**EXERCISE**
Nothing outside the range is to be copied. From the entries below, reproduce exactly the lines starting at the one with "Funny Bear Wallpaper" and ending at the one with "Es la única", without pictures.

**DATA RECORDS**

*-*-*

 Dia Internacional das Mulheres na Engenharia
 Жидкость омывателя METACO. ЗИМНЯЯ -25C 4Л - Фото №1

*-*-*

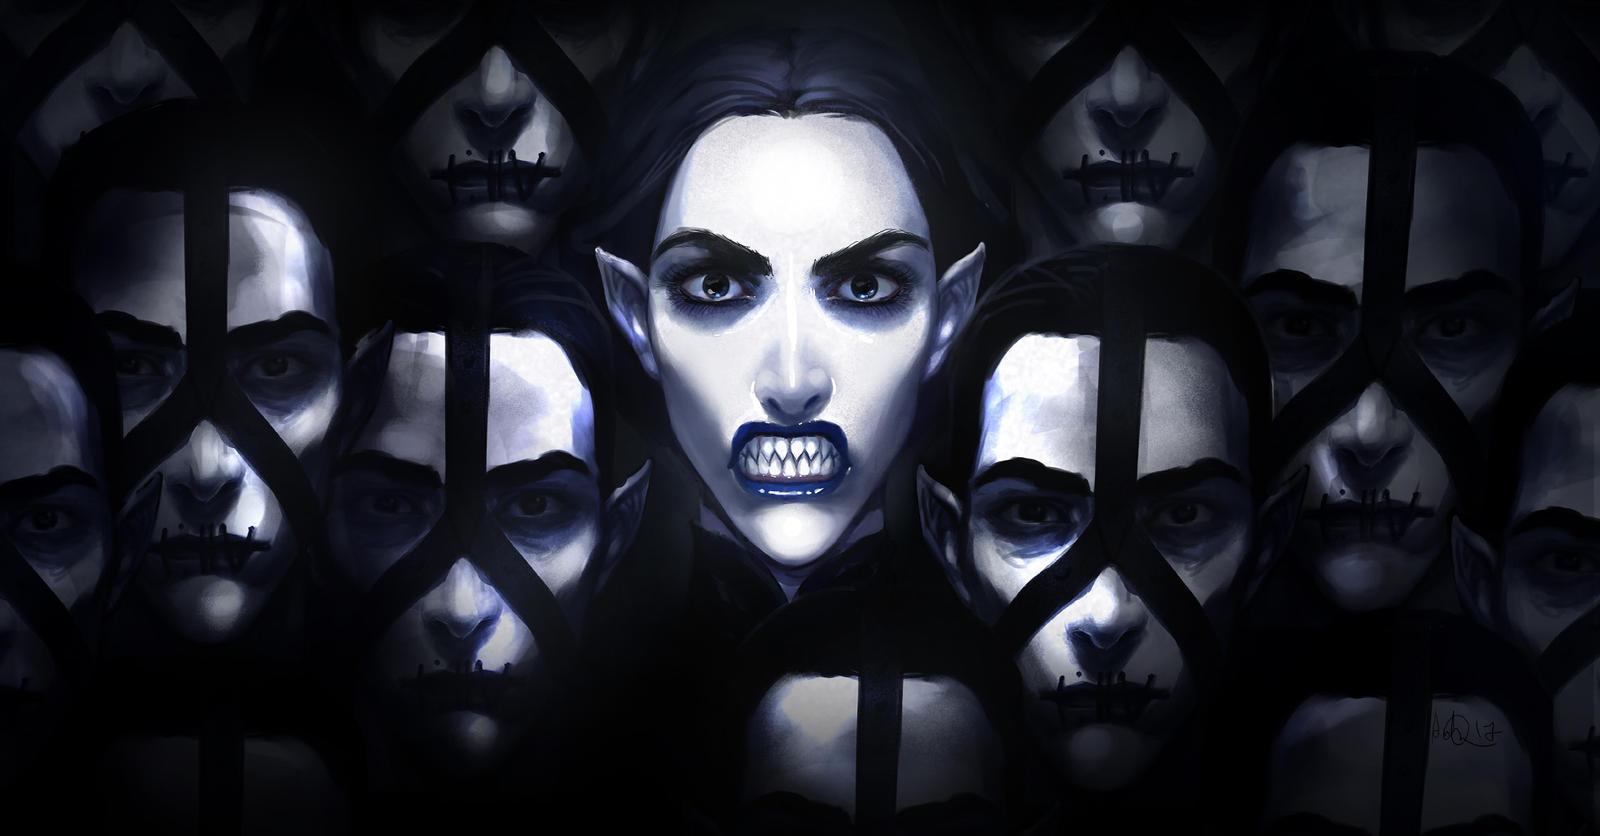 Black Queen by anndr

*-*-*

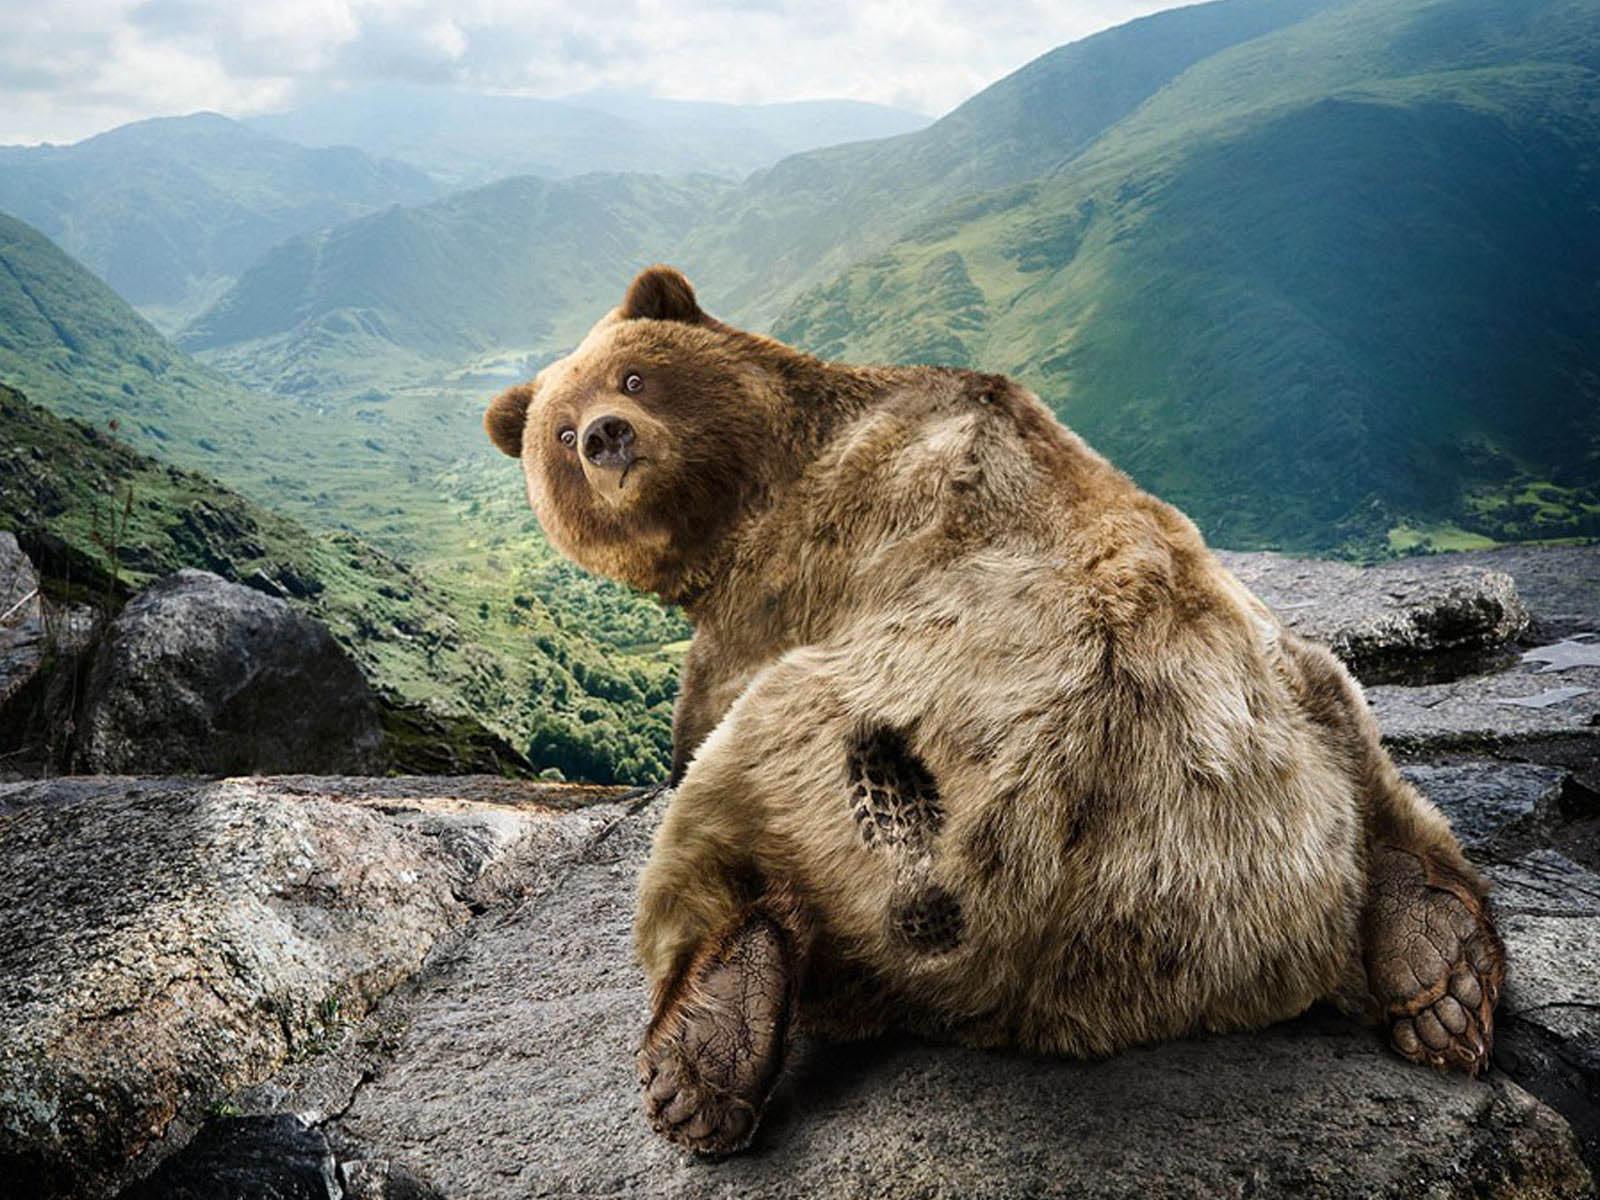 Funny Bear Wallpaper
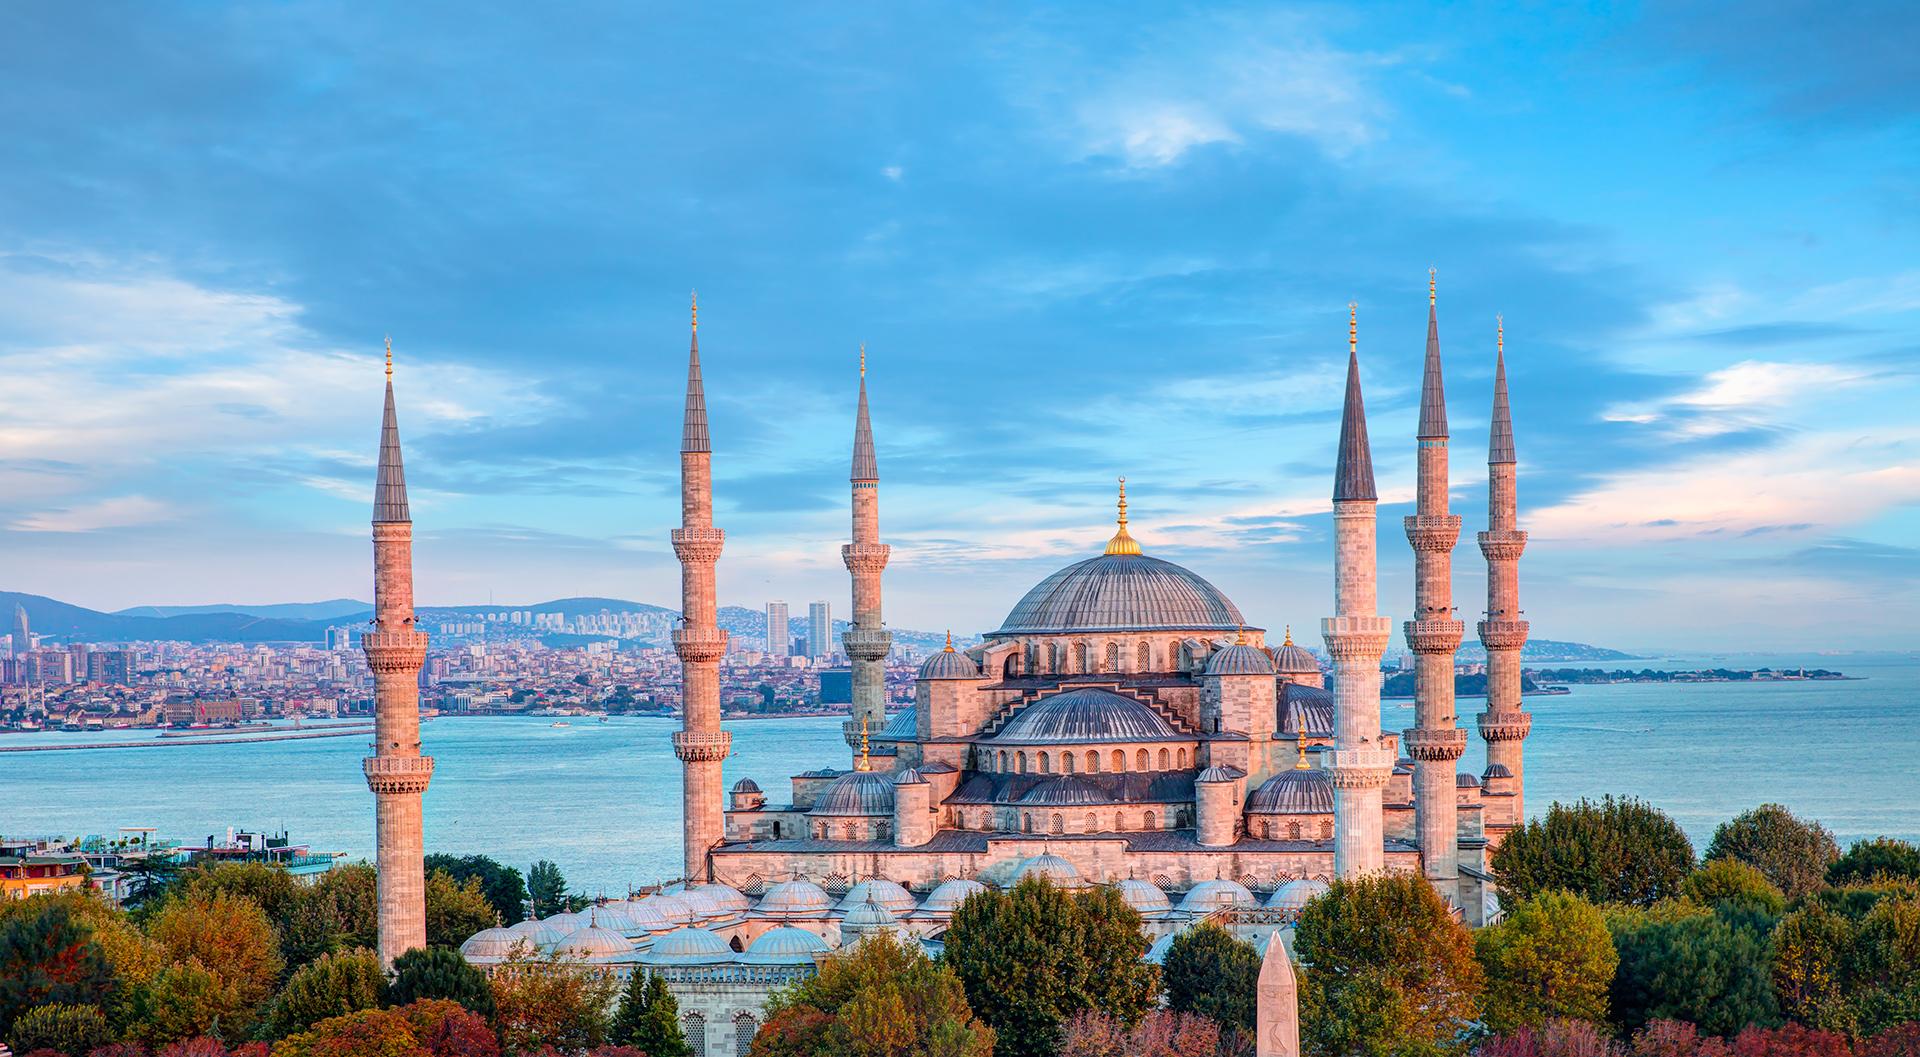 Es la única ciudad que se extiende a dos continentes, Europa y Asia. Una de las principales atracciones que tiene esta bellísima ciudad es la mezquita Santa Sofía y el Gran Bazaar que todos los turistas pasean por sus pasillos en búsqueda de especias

*-*-*

**SOLVED PROBLEM**
 Funny Bear Wallpaper
 Es la única ciudad que se extiende a dos continentes, Europa y Asia. Una de las principales atracciones que tiene esta bellísima ciudad es la mezquita Santa Sofía y el Gran Bazaar que todos los turistas pasean por sus pasillos en búsqueda de especias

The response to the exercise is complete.